D2iQ is an American technology company based in San Francisco, California which develops software that simplifies Kubernetes lifecycle management, deployment to hybrid, multi-cloud, and edge environments and enables advanced application use cases. Its flagship product is called the D2iQ Kubernetes Platform (DKP).

History
The company, initially named Mesosphere, was established in 2013 by Benjamin Hindman, Tobias Knaup and Florian Leibert. In June 2014 the company announced $10.5 million of venture capital investment from Andreessen Horowitz, Data Collective and Fuel Capital.
A second round of $36 million investment was announced in December 2014, led by Khosla Ventures.

In August 2015, it was reported that Microsoft was in talks to acquire Mesophere. Valuations ranged from $150 million up to $1 billion, but nothing was officially disclosed.

Another investment round of $73.5 million in March 2016 was led by Hewlett Packard Enterprise, and included Microsoft.

The company was mentioned by marketing firm Gartner in 2016. 
It was listed by TechCrunch in 2016 for companies having valuation ranging in between $500 million to $1 billion.
It had a 2016 contract with the United States government, and reportedly an investment from In-Q-Tel, controlled by the US Central Intelligence Agency.

On April 19, 2016, Mesosphere open-sourced Datacenter Operating System. At the launch, Autodesk announced that they were able to reduce running AWS instances by 66% using DC/OS.

On May 7, 2018, the company announced a $125 million Series D round of investment.

As of August 5, 2019, Mesosphere Inc. was renamed D2iQ.

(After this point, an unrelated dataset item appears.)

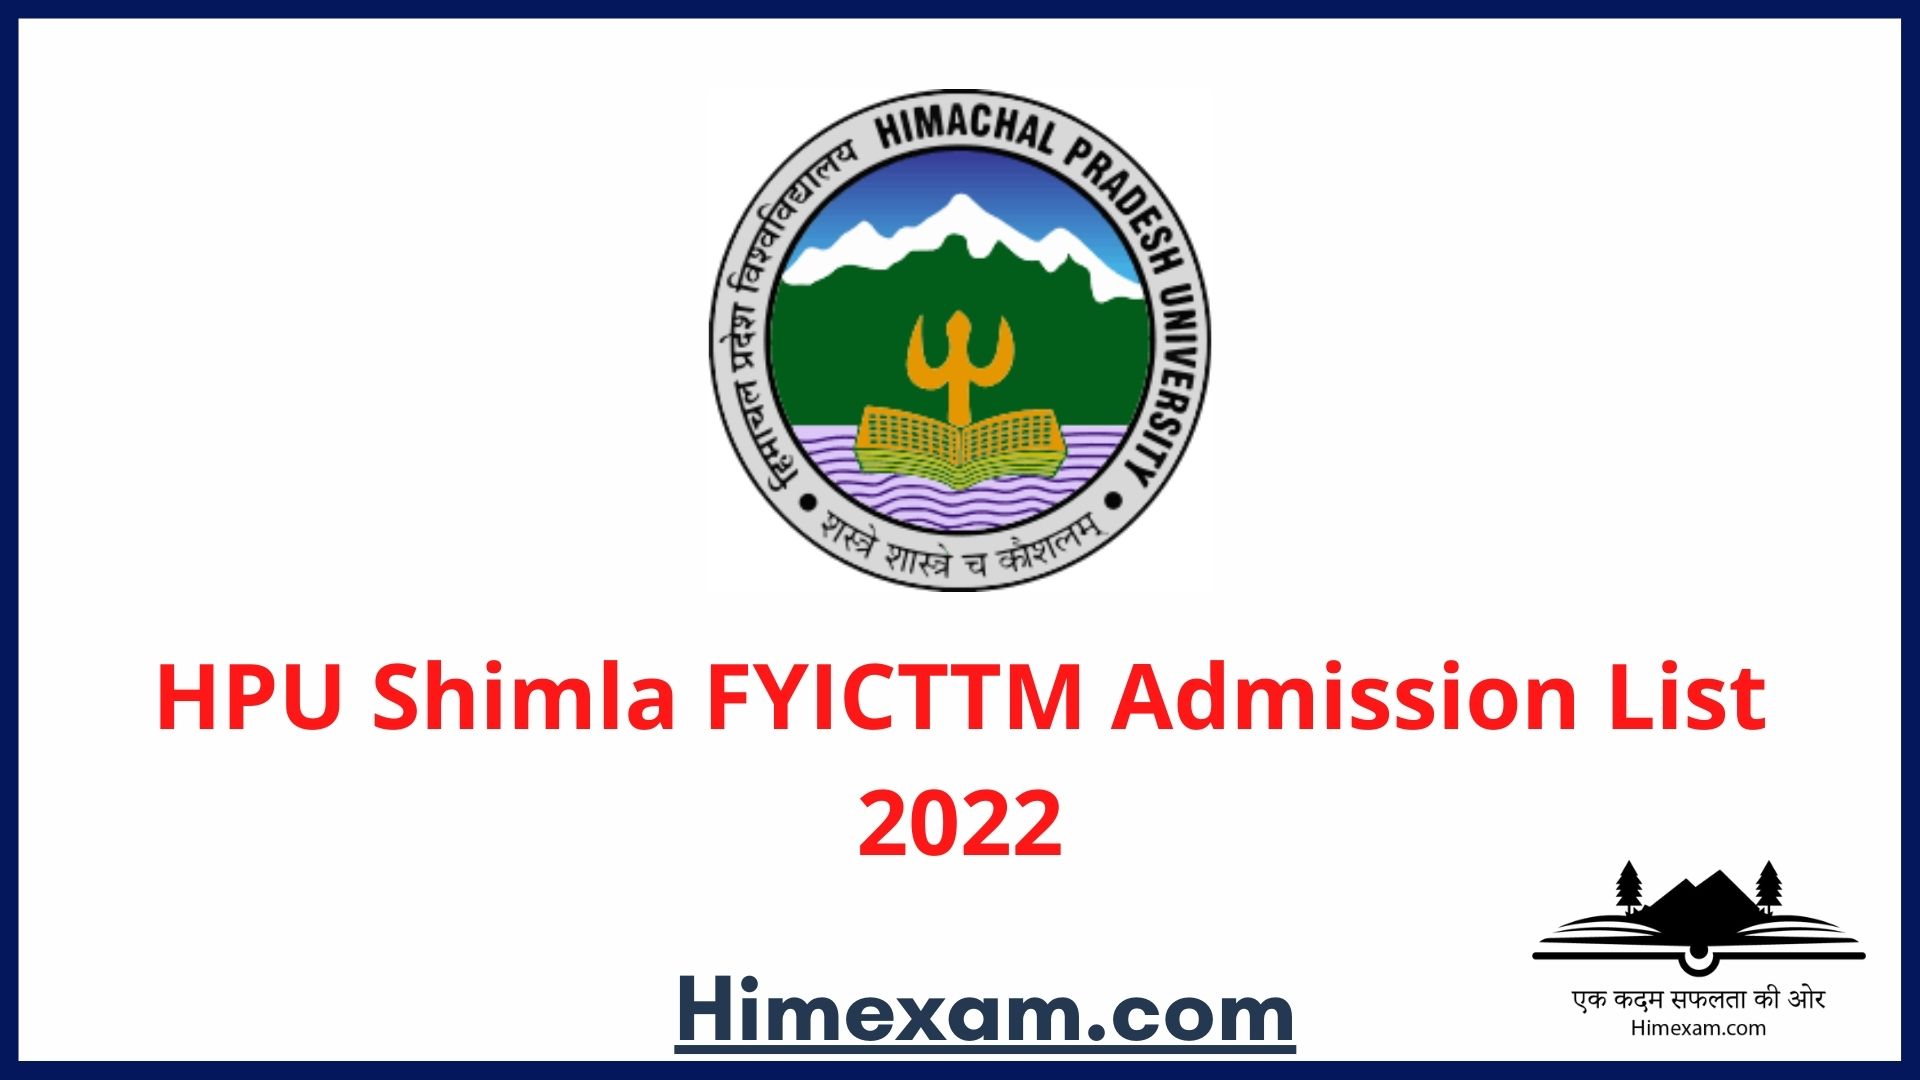 HPU Shimla FYICTTM Admission List 2022

On September 20, 2021, D2iQ launched the D2iQ Kubernetes Platform (DKP) V2 and Kaptain AI/ML.

Mesosphere DC/OS

Mesosphere DC/OS (short for Datacenter Operating System), is an open-source, distributed operating system built with Apache Mesos.  It was developed by Mesosphere (before the company renamed) and announced in April 2016.  The difference between DC/OS and other cluster managers is the ability to provide dedicated container scheduling.  The latest release, DC/OS  2.2.1, was on November 5, 2020. DC/OS was replaced with the D2iQ Kubernetes Platform in 2020.

Origins
The term datacenter operating system was promoted in the paper The Datacenter Needs an Operating System, published at the University of California, Berkeley. In the paper Zaharia et al. describe four areas of functionality that a datacenter OS should provide:

 Resource sharing
 Data sharing
 Programming abstractions
 Debugging and monitoring

The paper promoted the Mesos project for resource sharing among frameworks on a shared compute cluster.

Architecture
Datacenter Operating System categorizes components as being in user space or kernel space. Kernel space includes the Mesos master and agents while user space includes various system components of Datacenter Operating System. These components include (among others): 
 Admin Router, an internal load balancer
 Cosmos, an internal packaging API service
 Exhibitor, a Java supervisor system for ZooKeeper
 Marathon, an Apache Mesos framework for container orchestration
 Mesos-DNS, an internal DNS service

D2iQ Kubernetes Platform (DKP) 

The D2iQ Kubernetes Platform (DKP) provides a single, central point of control for managing single and multi-cluster environments and running applications across any infrastructure, including on-prem, cloud, air-gapped, and edge.

DKP is a complete solution that includes the technology, expert services, training, and support offerings to ease Kubernetes adoption, expand Kubernetes use across distributed, heterogeneous environments, and enable advanced application use cases, such as ML and fast data pipelines, to ensure successful Day 2 operations. 

DKP replaced DC/OS in 2020. 

Also available as an add-on product is Kaptain AI/ML, which is a comprehensive machine learning and artificial intelligence (AI/ML) platform that simplifies AI/ML operations, enabling data scientists to focus on attaining actionable business insights rather than configuring complex AI infrastructures.